# TRY IT
Copy the data that follows exactly as it is, excluding all pictures.

# RECORDS FOR THE TASK
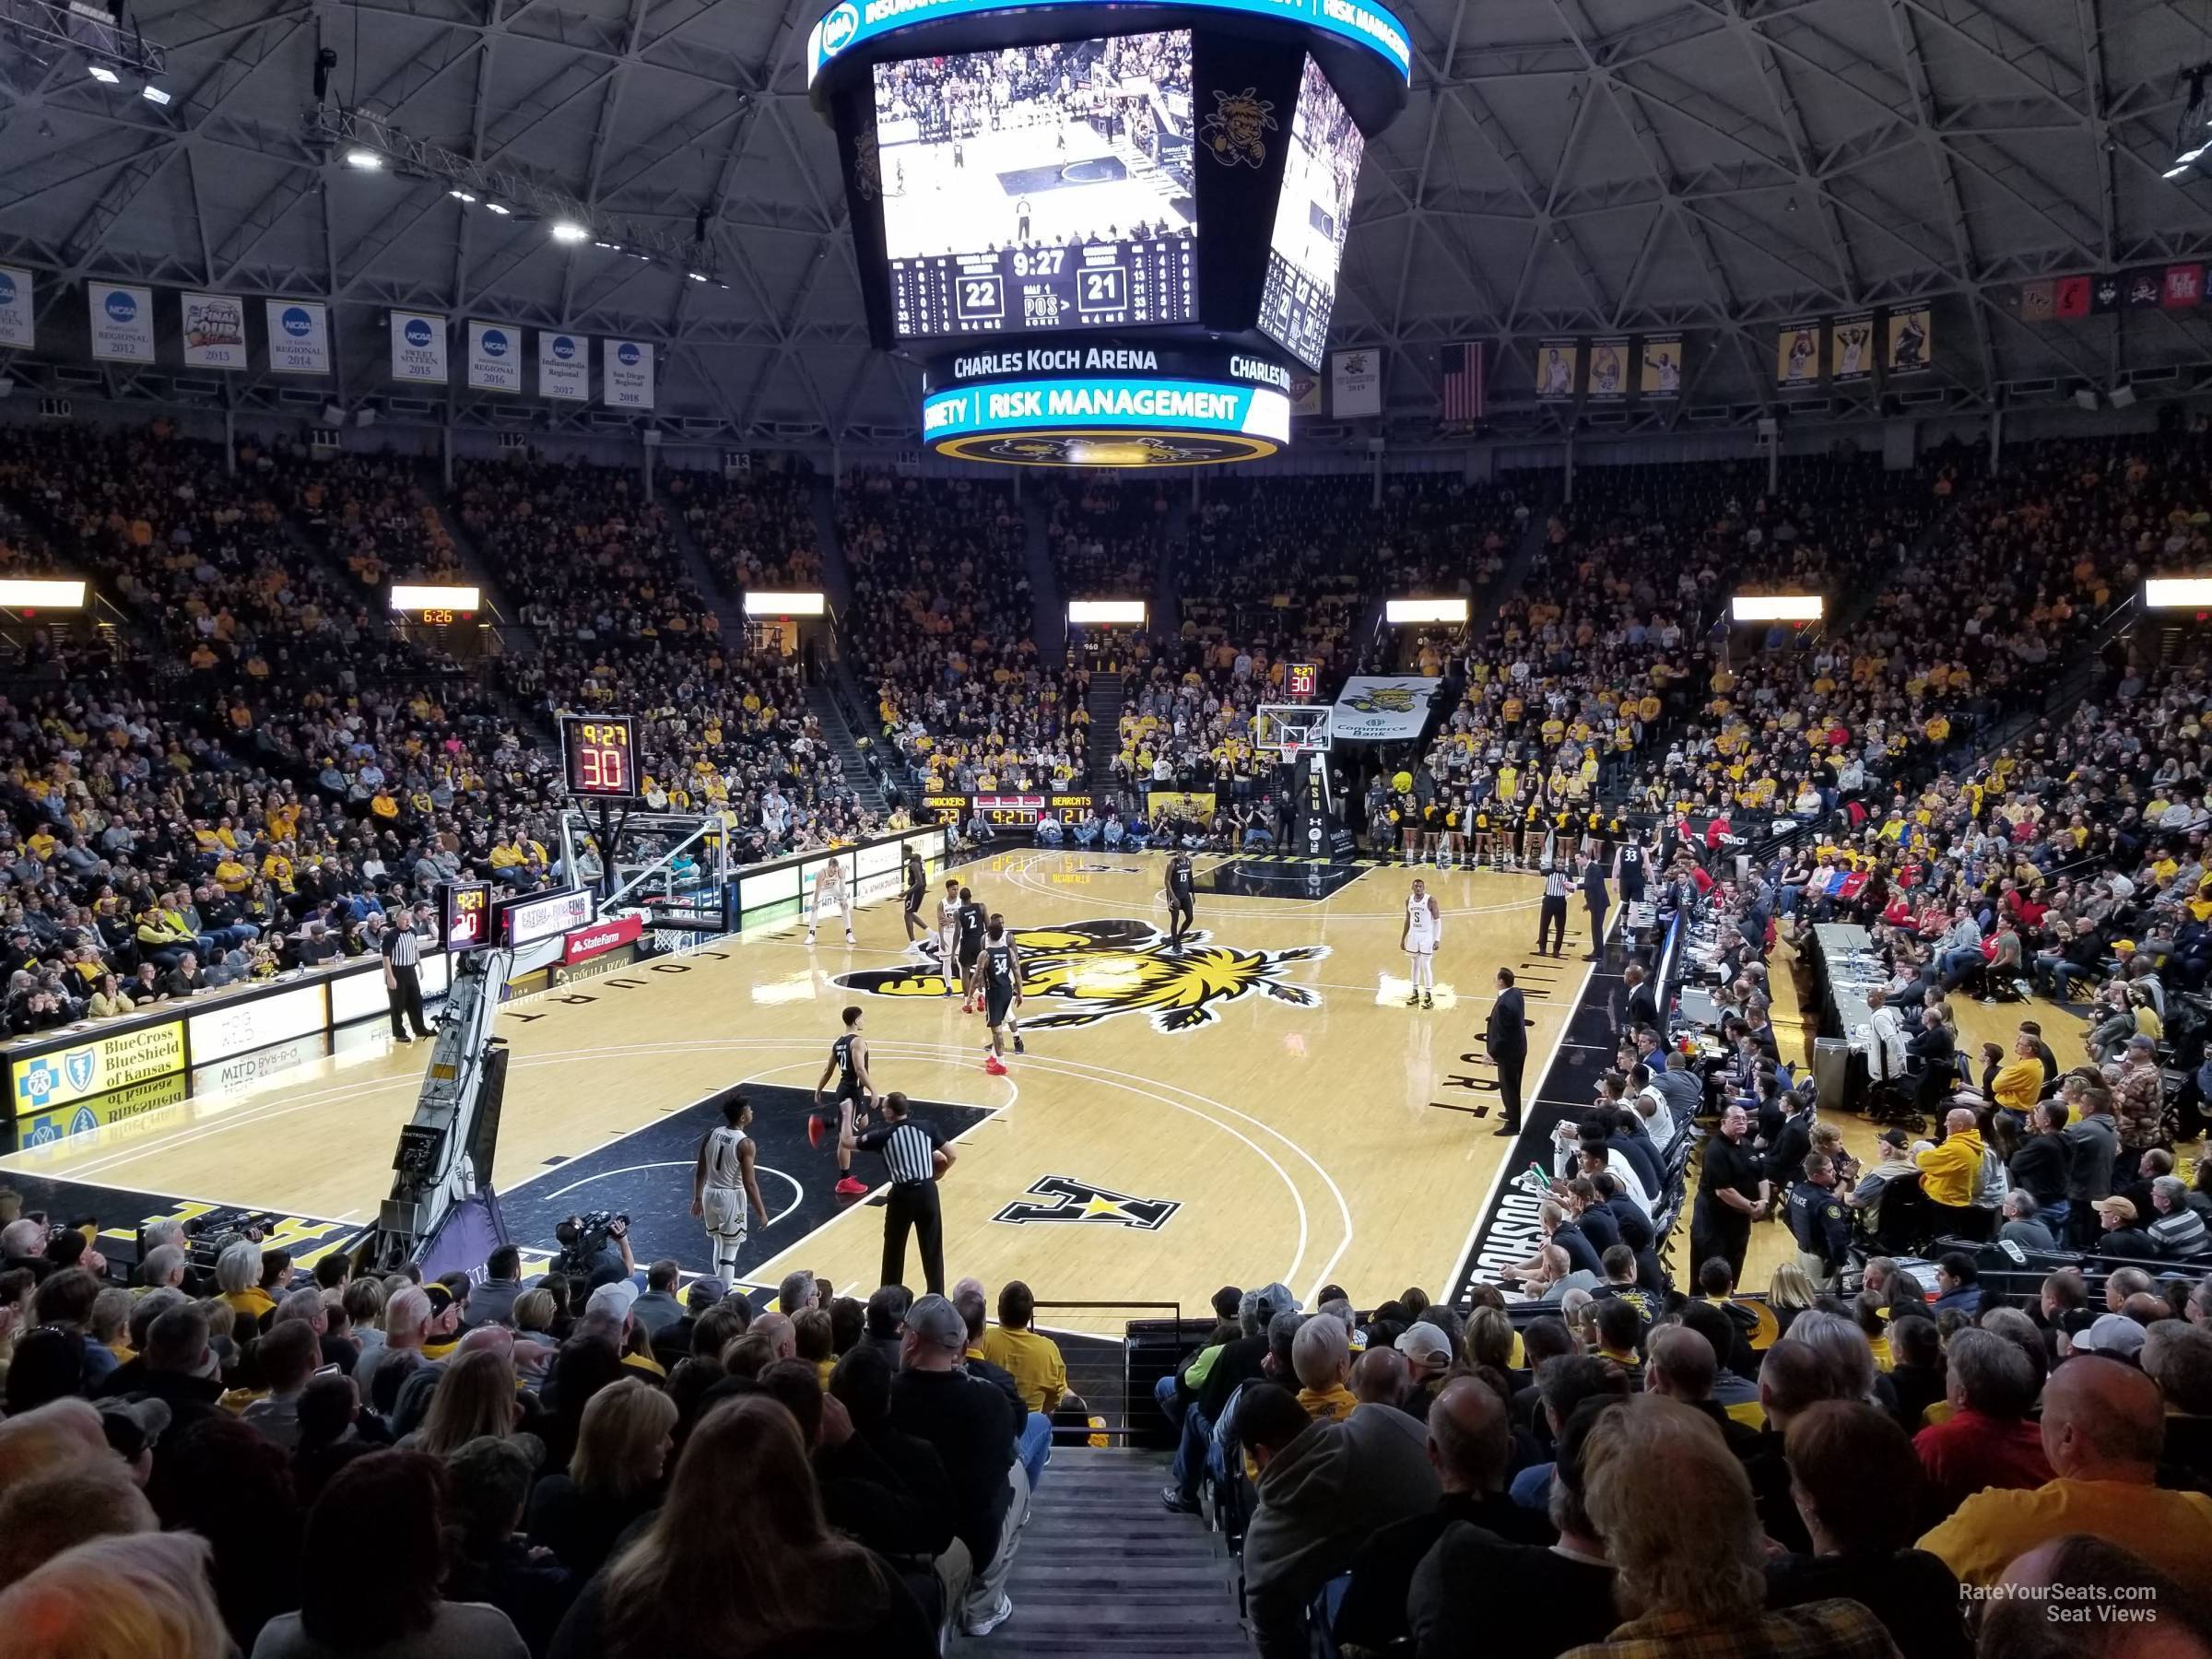 section 124, row 16 seat view  - charles koch arena
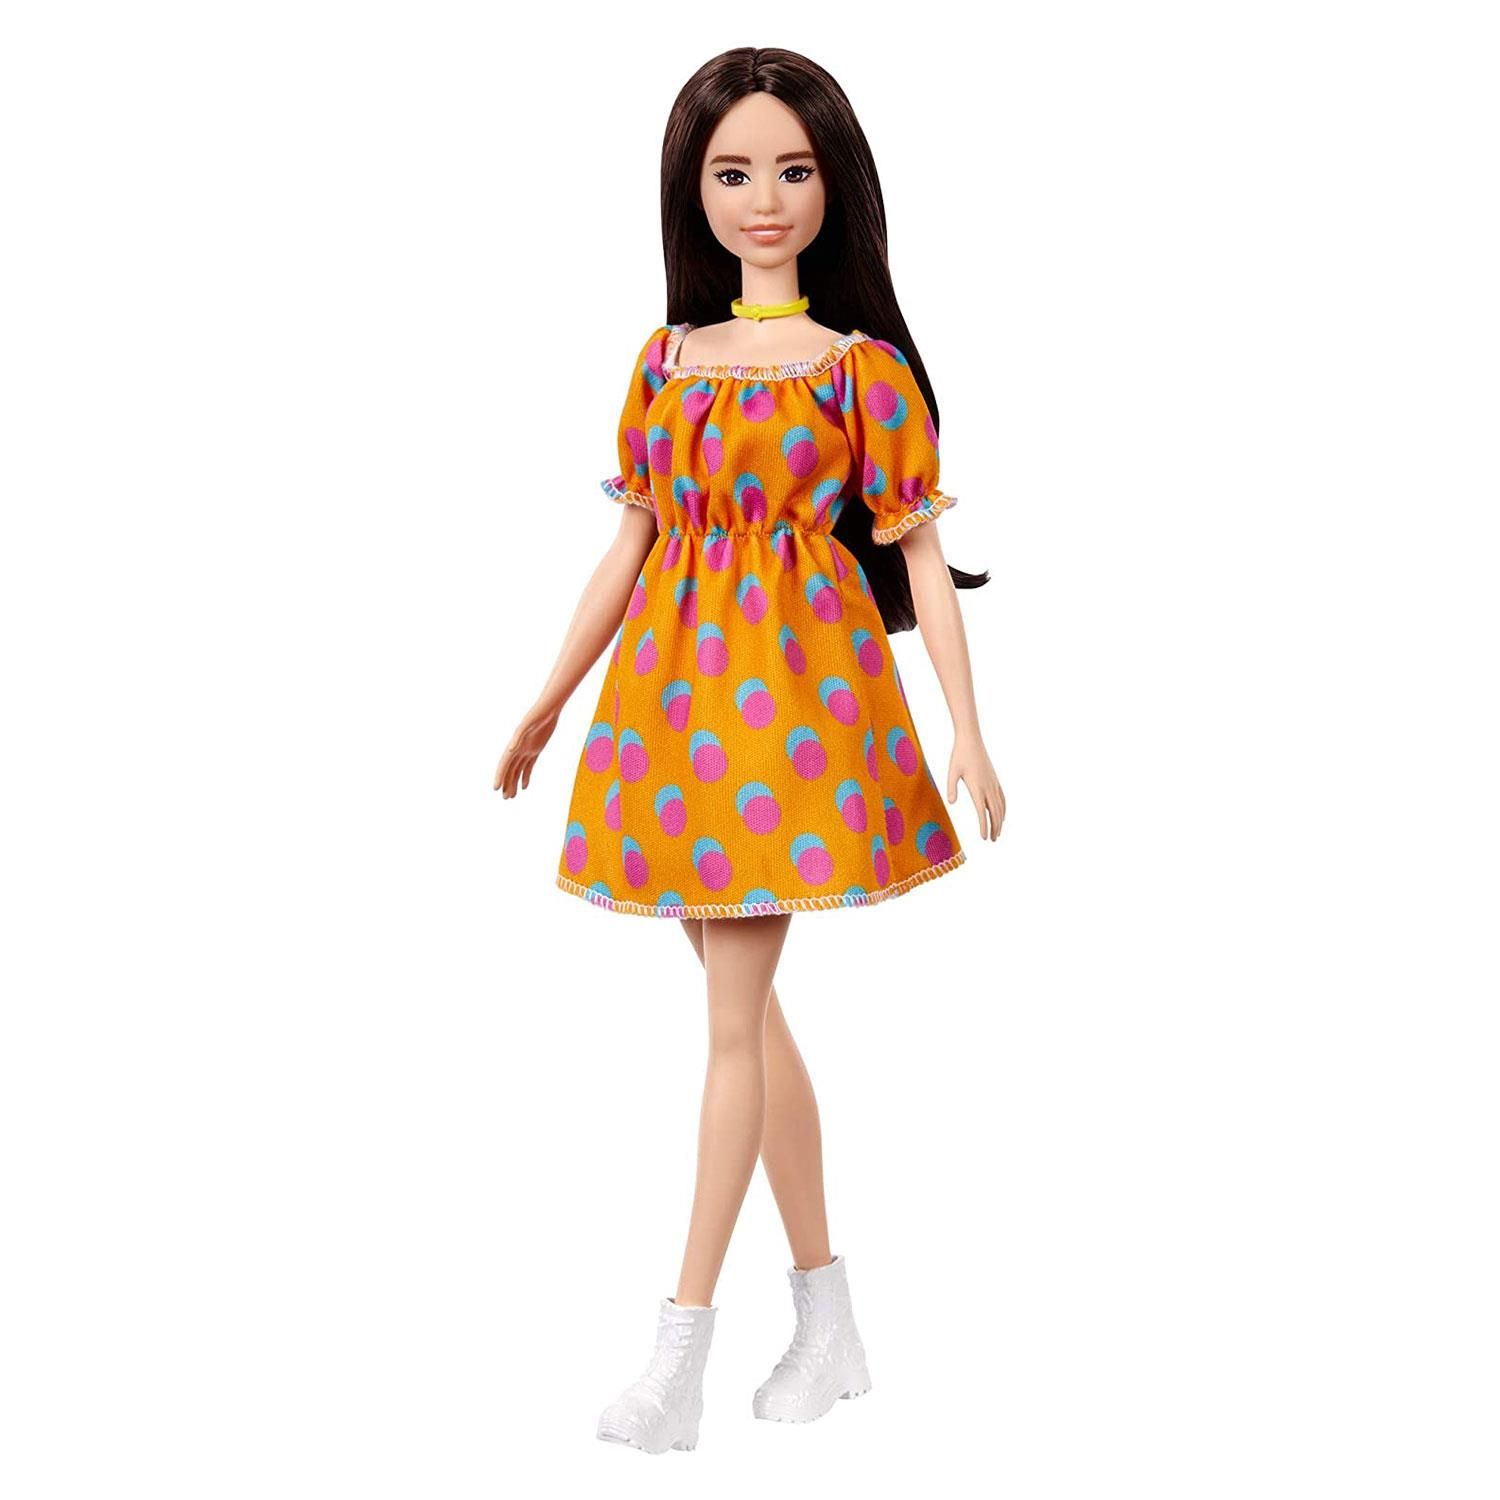 Barbie Fashionista Doll with Orange Fruit Dress, Great Toy For 3 Years Old & Up

Barbie and Ken Fashionistas celebrate diversity with fashion dolls that encourage real-world storytelling and open-ended dreams! With a wide variety of skin tones, eye colours, hair colours and textures, body types and fashions, the dolls are designed to reflect the world kids see today - and their attention-grabbing outfits help them stand out with personalities that pop! Use the reusable vinyl package to fill, carry and customize - store Barbie fashions and accessories, carry a doll anywhere or decorate and use it as a cross-body purse! Kids can collect Barbie dolls and accessories for infinite ways to play out stories, express their own style and discover that fashion is fun for everyone! Includes Barbie Fashionistas doll wearing fashions and accessories. 

Features:

The latest line of BarbieFashionistas dolls includes different body types and a mix of skin tones, eye colours, hair colours, hairstyles and so many fashions inspired by the latest trends!​
Barbiedoll is the Original body type and wears an orange dress with a colourful pattern.​

White shoes and a yellow choker necklace complete the outfit with cool touches, and her long brunette hair is styled with a slight wave for a trendy look. ​

Designed with a zipper, the reusable vinyl bag can be used to store the doll or other Barbiefashions and accessories, and kids can customize it with their own art supplies, like stickers. There are endless ways to play --fill it, carry it and customize it!

Specifications:

Toy Type: Doll
Material: Abs Plastic
Colour: Orange
Age Range: 3 Years & up

Package Includes: Barbie Fashionista Doll, Orange Fruit Dress

# RESPONSE TO THE TASK
 section 124, row 16 seat view  - charles koch arena
 Barbie Fashionista Doll with Orange Fruit Dress, Great Toy For 3 Years Old & Up

Barbie and Ken Fashionistas celebrate diversity with fashion dolls that encourage real-world storytelling and open-ended dreams! With a wide variety of skin tones, eye colours, hair colours and textures, body types and fashions, the dolls are designed to reflect the world kids see today - and their attention-grabbing outfits help them stand out with personalities that pop! Use the reusable vinyl package to fill, carry and customize - store Barbie fashions and accessories, carry a doll anywhere or decorate and use it as a cross-body purse! Kids can collect Barbie dolls and accessories for infinite ways to play out stories, express their own style and discover that fashion is fun for everyone! Includes Barbie Fashionistas doll wearing fashions and accessories. 

Features:

The latest line of BarbieFashionistas dolls includes different body types and a mix of skin tones, eye colours, hair colours, hairstyles and so many fashions inspired by the latest trends!​
Barbiedoll is the Original body type and wears an orange dress with a colourful pattern.​

White shoes and a yellow choker necklace complete the outfit with cool touches, and her long brunette hair is styled with a slight wave for a trendy look. ​

Designed with a zipper, the reusable vinyl bag can be used to store the doll or other Barbiefashions and accessories, and kids can customize it with their own art supplies, like stickers. There are endless ways to play --fill it, carry it and customize it!

Specifications:

Toy Type: Doll
Material: Abs Plastic
Colour: Orange
Age Range: 3 Years & up

Package Includes: Barbie Fashionista Doll, Orange Fruit Dress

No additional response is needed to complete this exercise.